Especially if you do ssllab tests, you will see tons of handshake failures because that’s the entire point of the ssllab test: simulating old, bogus and obsolete clients and testing invalid combinations as well as trigger error conditions.

If you have an actual problem, then elaborate what this problem is; but handshake failures in the logs are not a problem.

Hi @lukastribus,

My problem is that I use ActiveSync (z-push) behind the reverse proxy. I wanted to investigate, whether the handshake failures impact the heartbeat for ActiveSync:

  1. When I connect directly to the (apache 2.4) webserver that serves the ActiveSync protokoll (bypassing HAProxy) I see variable heartbeats (starting with 4 minutes and then going up to longer intervals)

  2. When I connect using HAProxy before the webserver (which should be the production setting), heartbeat is stuck at 4 min, leading to higher battery and data consumption. This is actually how I found the error by investigating the heartbeat interval.

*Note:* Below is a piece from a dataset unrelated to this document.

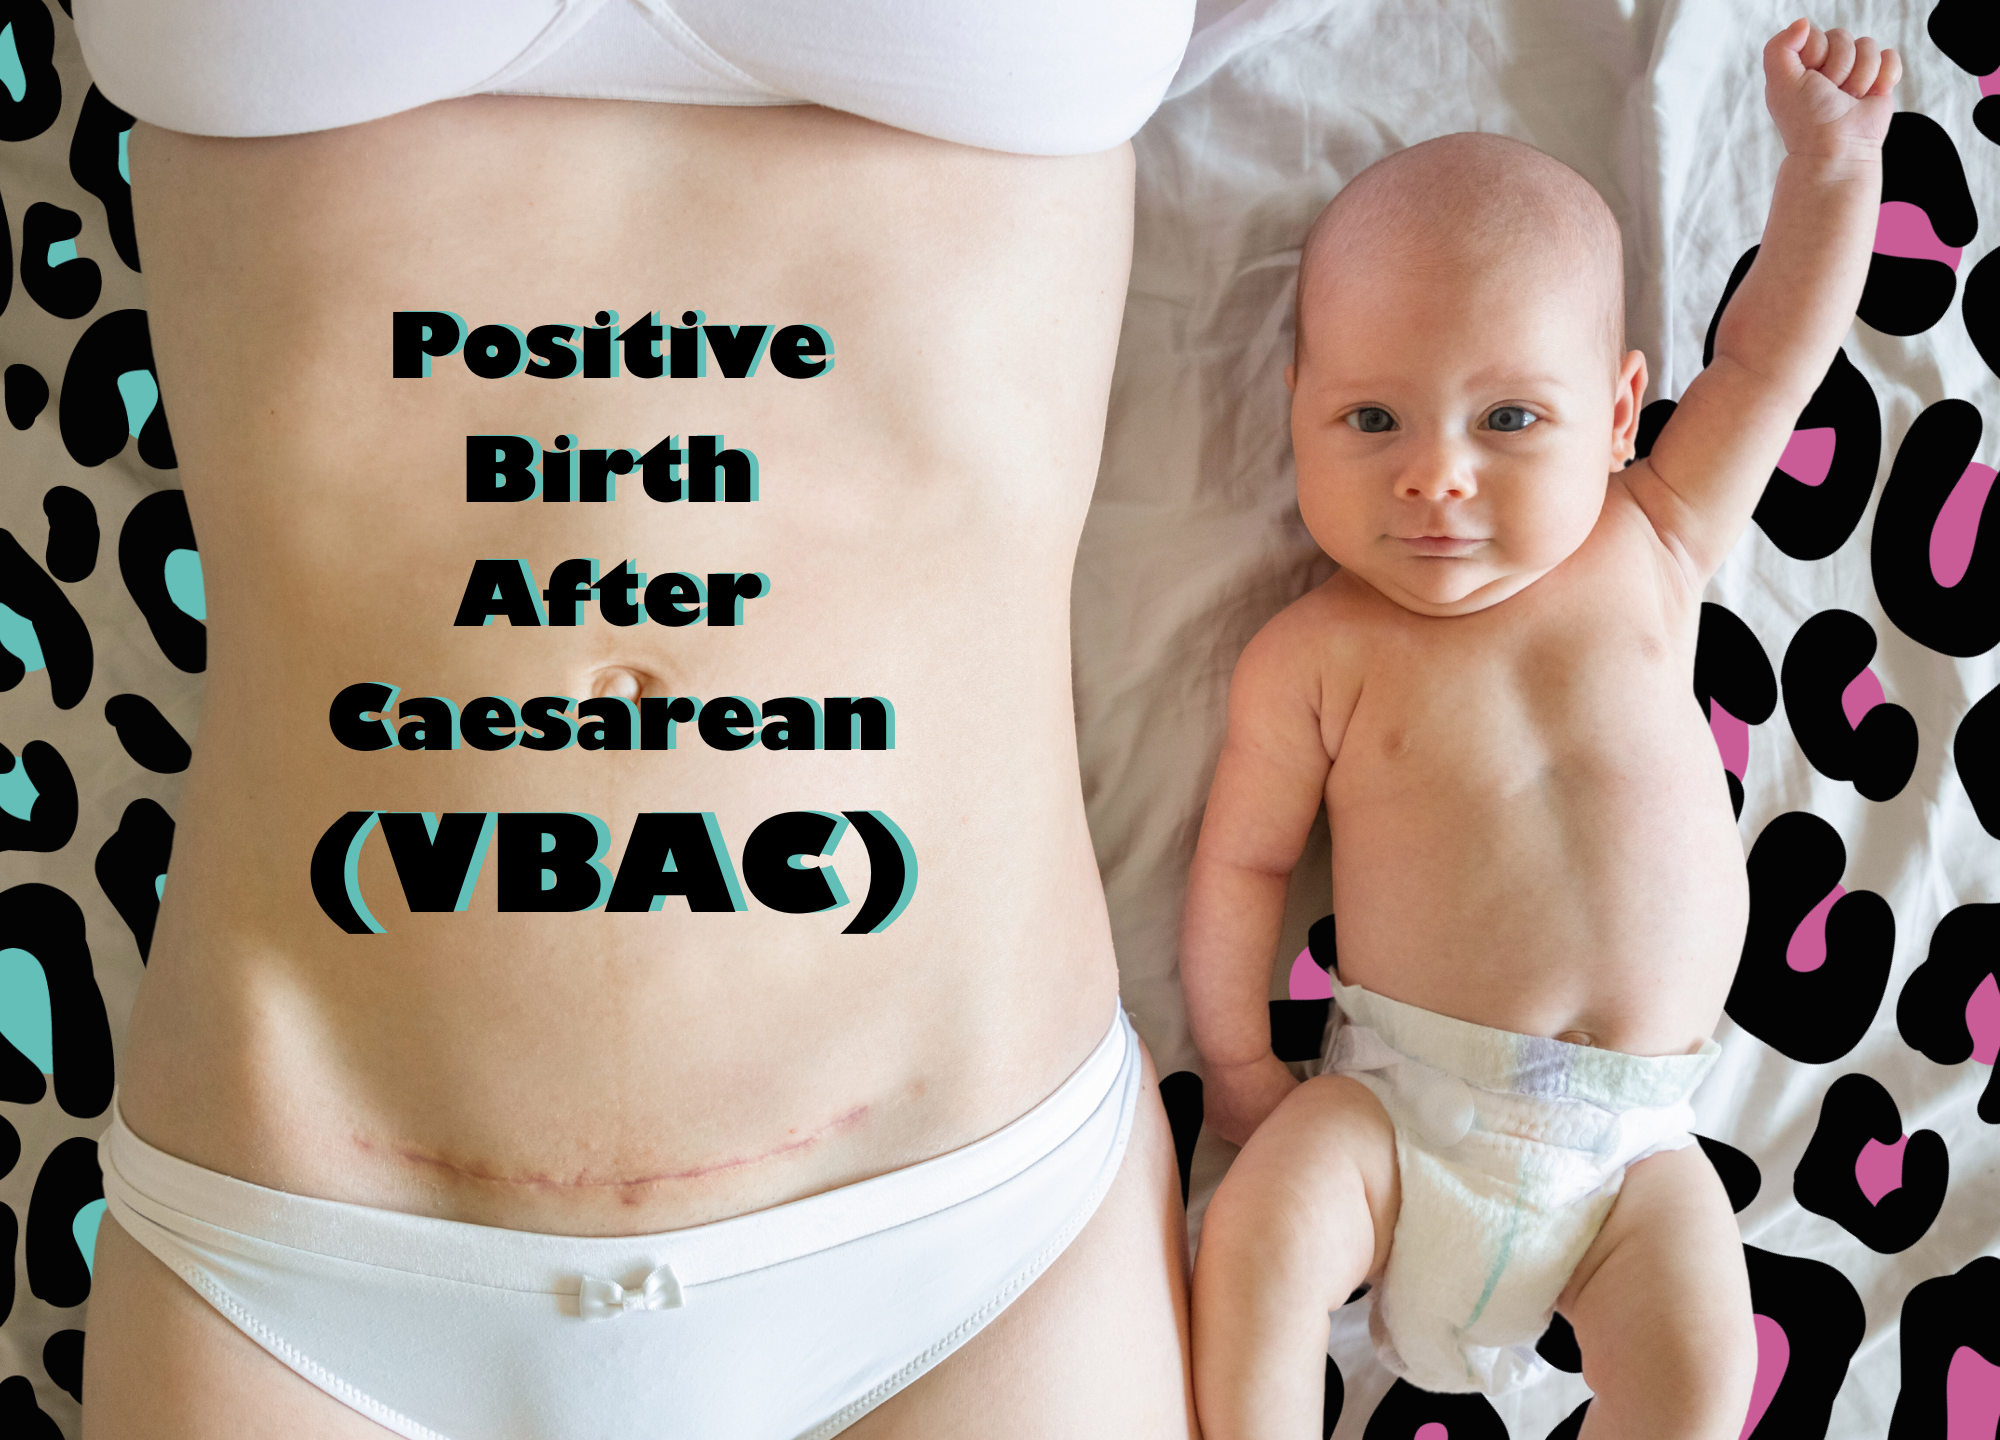 POSITIVE BIRTH AFTER CAESAREAN (VBAC)

Both are done using same mobile, same connection and same hardware. It is the identical server in the backend. My only explanation so far is that the SSL handshake failures cause ActiveSync to stick to the shortest heartbeat. Therefore I would like to solve the error to be able to have longer heartbeats.

Thank you,
Alex

This has almost certainly nothing to do with random handshake failures you see in the log.

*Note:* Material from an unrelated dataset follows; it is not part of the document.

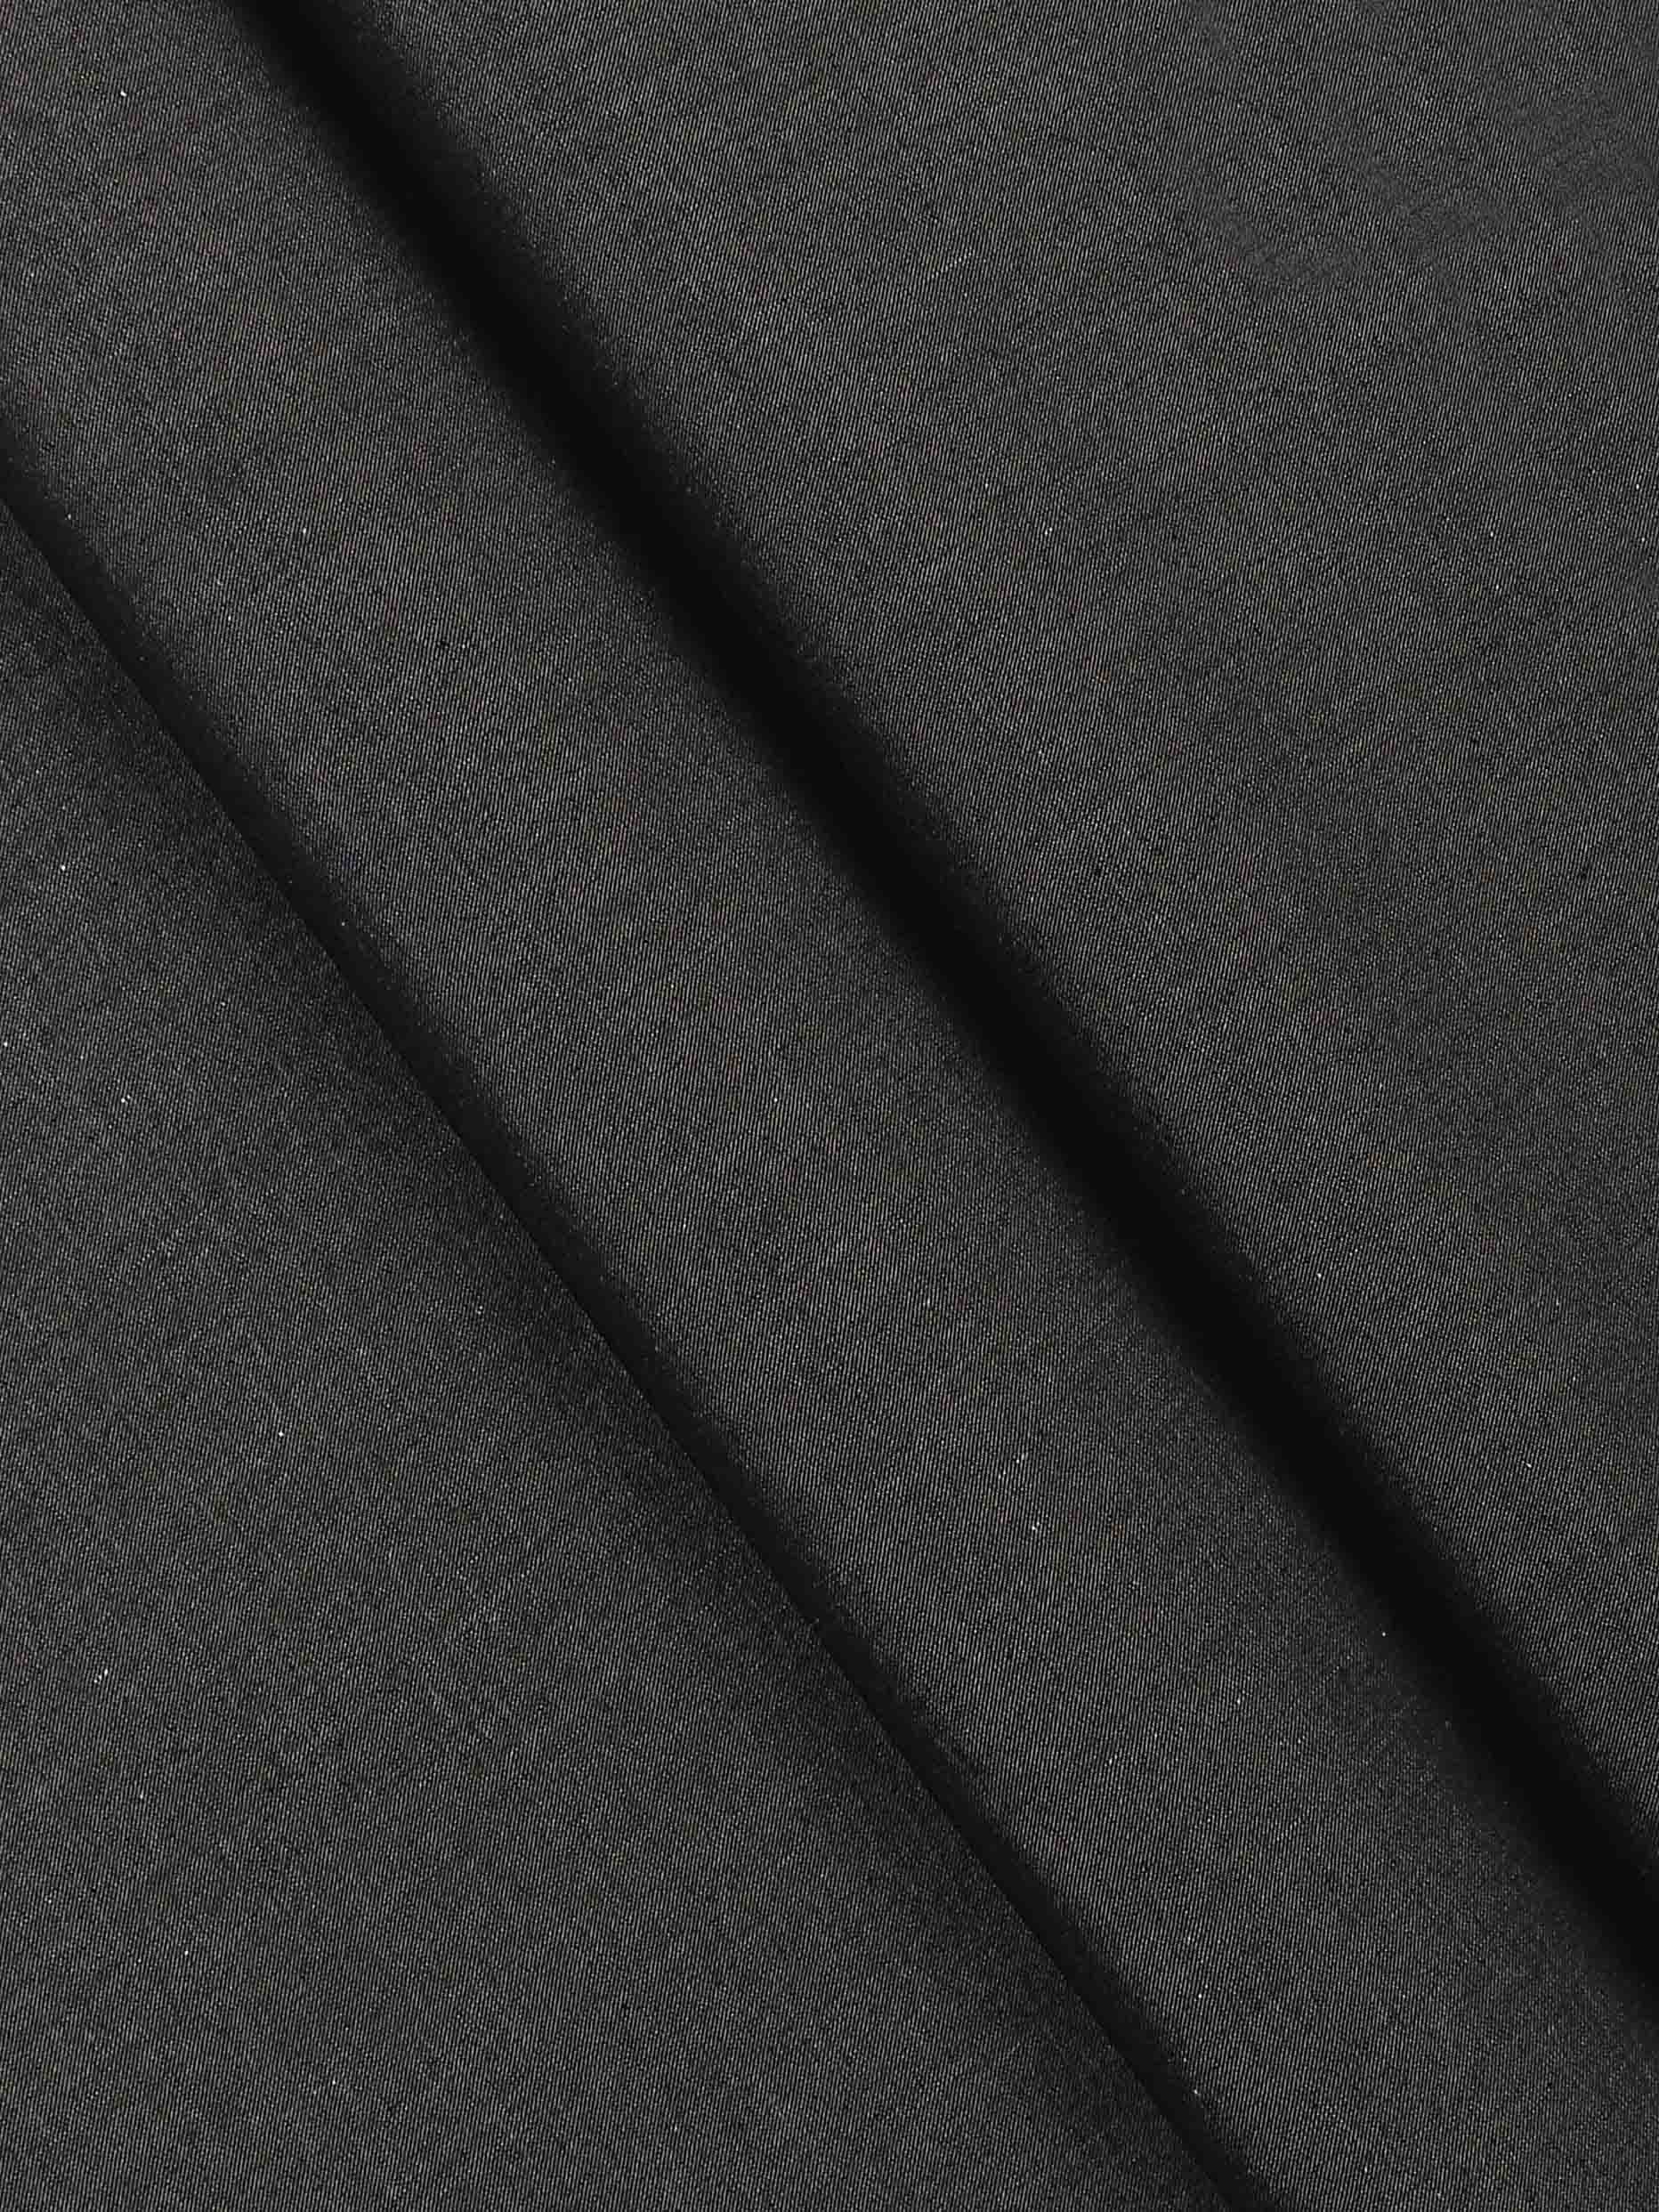 Supima Cotton Grey Colour Plain Shirt Fabric Hummer

I suggest to fix some configuration issues, then actually troubleshoot the heartbeat timeout:

  • drop ulimit-n configuration, this is not needed and will only cause misconfiguration
  • drop the double nbproc statement. nbproc 1 nbthread 4 is enough
  • remove option http-server-close, this is probably causing issues especially with long running sessions like activesync
  • review both haproxy and backend logs
  • clarify with the backend application vendor what the reason could be for the heartbeat to stick to 4 minutes

If on the other hand, you want to troubleshoot random SSL handshake captures, than capture the entire SSL session/handshake.

@lukastribus

Thank you so much. Just to clarify: I first talked to the z-push team and they suggested that the handshake failures might be an issue, because the log claimed that the “Connection closed during SSL handshake”:

Fri Sep 20 14:23:09 2019 local0.info haproxy[6563]: ::ffff:192.168.1.233:57054 [20/Sep/2019:14:19:09.094] ssl_termination~ bk_kopano/kopano 0/0/1/240257/240258 200 253 - - ---- 15/15/0/1/0 0/0 "POST /Microsoft-Server-ActiveSync?Cmd=Ping&User=xxx&DeviceId=Ninexxx&DeviceType=Android HTTP/1.1"
Fri Sep 20 14:23:09 2019 local0.info haproxy[6563]: 2401:7400:c802:925e:1c1e:edf0:7343:3f04:58396 [20/Sep/2019:14:23:09.903] ssl_termination/1: Connection closed during SSL handshake
Fri Sep 20 14:23:09 2019 local0.info haproxy[6563]: ::ffff:192.168.1.233:57082 [20/Sep/2019:14:23:09.911] ssl_termination/1: SSL handshake failure
Fri Sep 20 14:23:09 2019 local0.info haproxy[6564]: ::ffff:192.168.1.233:57084 [20/Sep/2019:14:23:09.956] ssl_termination/1: SSL handshake failure
Fri Sep 20 14:23:10 2019 local0.info haproxy[6563]: ::ffff:192.168.1.233:57086 [20/Sep/2019:14:23:09.993] ssl_termination/1: SSL handshake failure
Fri Sep 20 14:23:10 2019 local0.info haproxy[6563]: ::ffff:192.168.1.233:57088 [20/Sep/2019:14:23:10.028] ssl_termination/1: SSL handshake failure
Fri Sep 20 14:23:10 2019 local0.info haproxy[6563]: ::ffff:192.168.1.233:57090 [20/Sep/2019:14:23:10.069] ssl_termination/1: SSL handshake failure
Fri Sep 20 14:23:10 2019 local0.info haproxy[6563]: ::ffff:192.168.1.233:57092 [20/Sep/2019:14:23:10.113] ssl_termination/1: SSL handshake failure

I will try the suggested settings and report back. Thank you for your tips, really appreciated!
Alex

Hi @lukastribus,

I have done the suggested changes to haproxy.conf. However heartbeat is still stuck at 4min. Any other suggestions?

Thank you,
Alex

My suggestion is to provide the full backend logs, full haproxy logs and a capture of a sessions that closes after 4 minutes and analyze that.